Impaired mitochondrial oxidative phosphorylation in skeletal muscle of the dystrophin-deficient mdx mouse
- Cite this article as:
- Kuznetsov, A.V., Winkler, K., Wiedemann, F. et al. Mol Cell Biochem (1998) 183: 87. doi:10.1023/A:1006868130002
The mdx mouse, an animal model of the Duchenne muscular dystrophy, was used for the investigation of changes in mitochondrial function associated with dystrophin deficiency. Enzymatic analysis of skeletal muscle showed an approximately 50% decrease in the activity of all respiratory chain-linked enzymes in musculus quadriceps of adult mdx mice as compared with controls, while in cardiac muscle no difference was observed. The activities of cytosolic and mitochondrial matrix enzymes were not significantly different from the control values in both cardiac and skeletal muscles.
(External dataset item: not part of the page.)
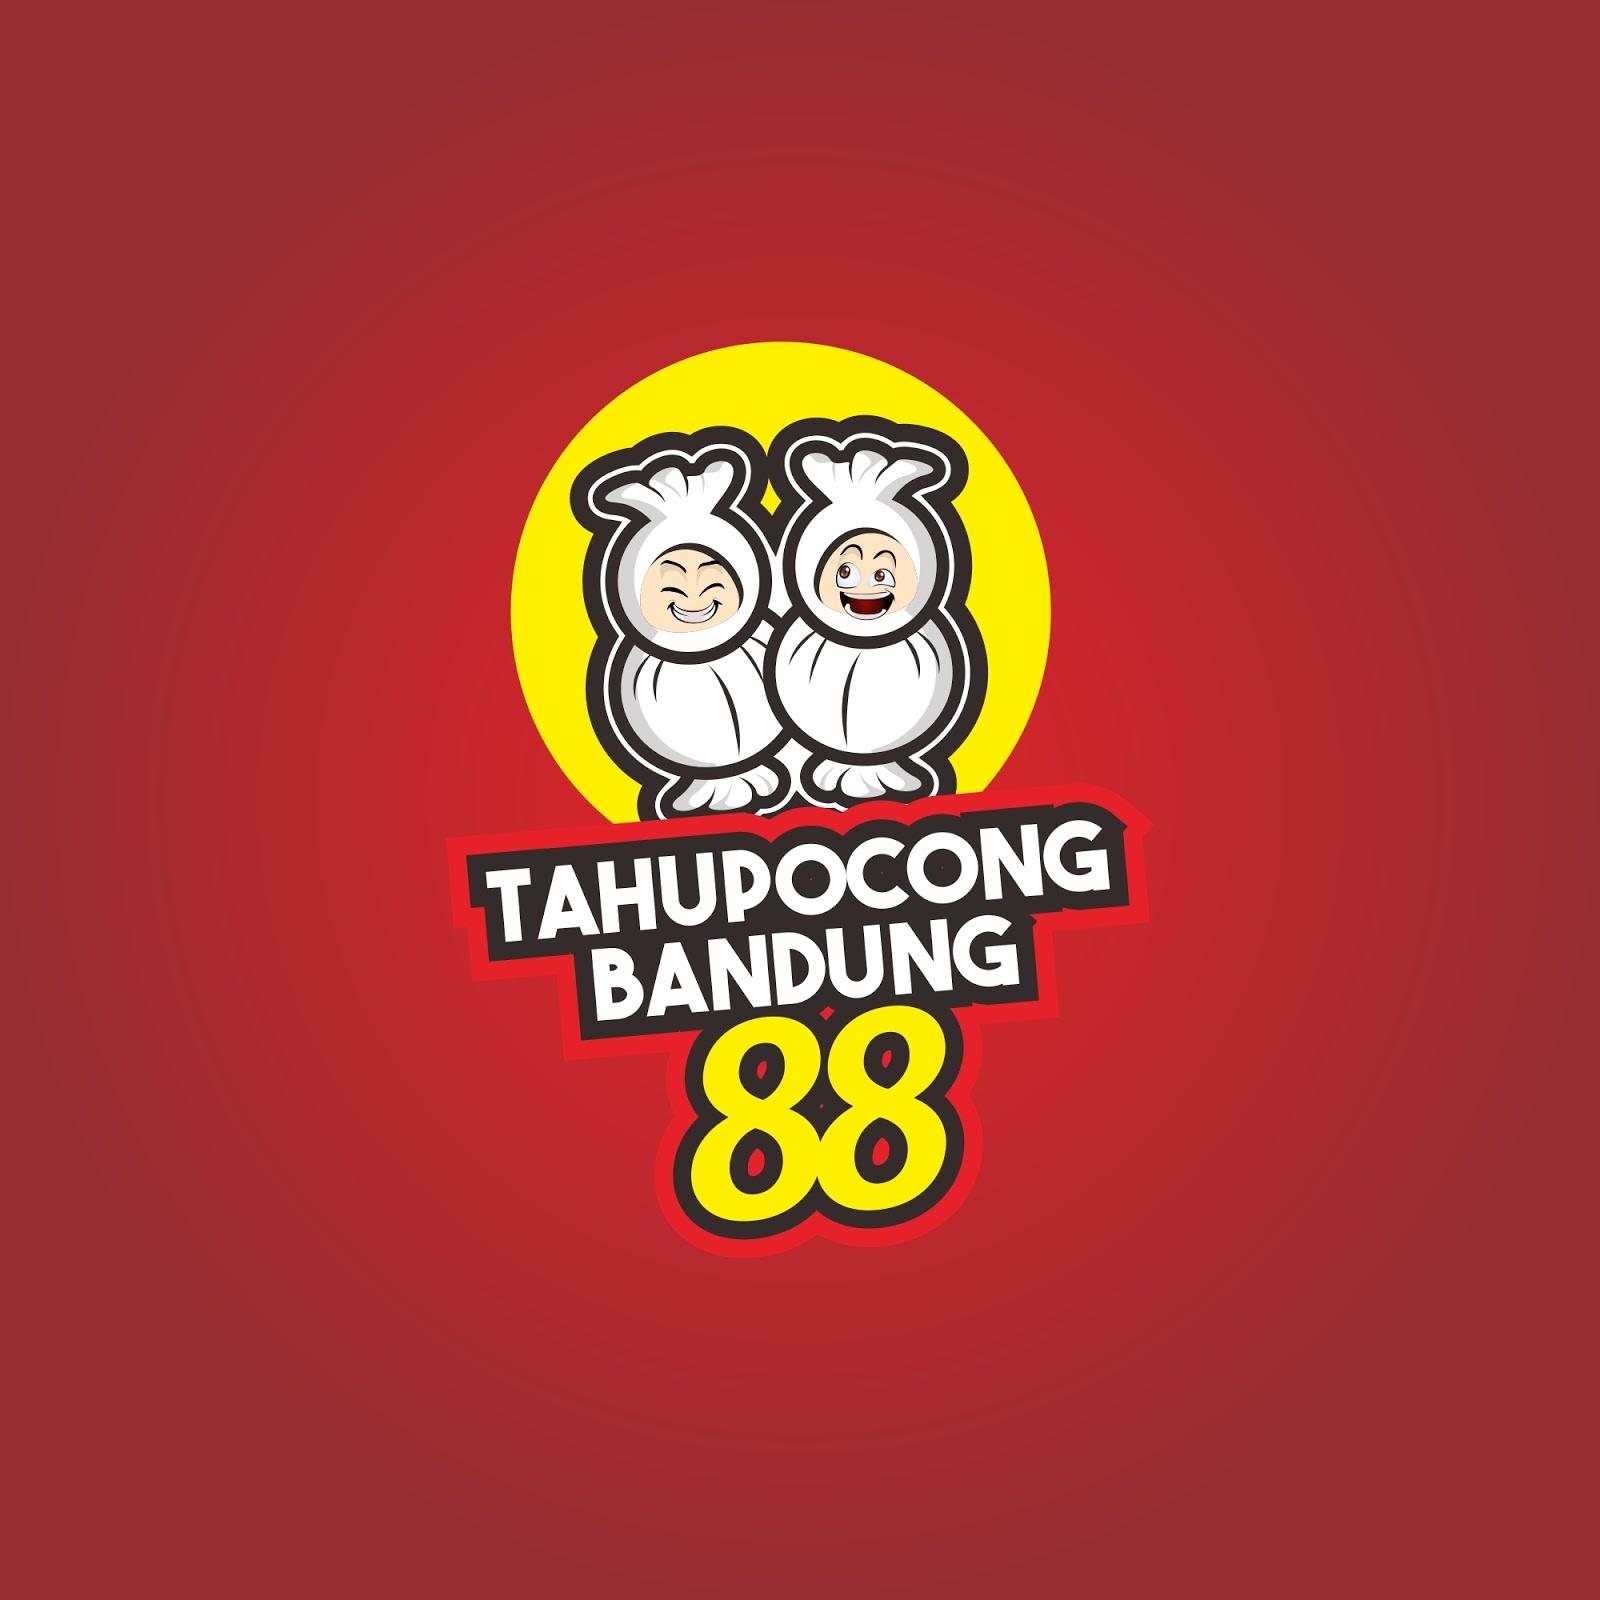 53+ Gambar Tahu Pocong Paling Bagus

In saponin-permeabilized skeletal muscle fibers of mdx mice the maximal rates of mitochondrial respiration were about two times lower than those of controls. These changes were also demonstrated on the level of isolated mitochondria. Mdx muscle mitochondria had only 60% of maximal respiration activities of control mice skeletal muscle mitochondria and contained only about 60% of hemoproteins of mitochondrial inner membrane. Similar findings were observed in a skeletal muscle biopsy of a Duchenne muscular dystrophy patient. These data strongly suggest that a specific decrease in the amount of all mitochondrial inner membrane enzymes, most probably as result of Ca2+ overload of muscle fibers, is the reason for the bioenergetic deficits in dystrophin-deficient skeletal muscle.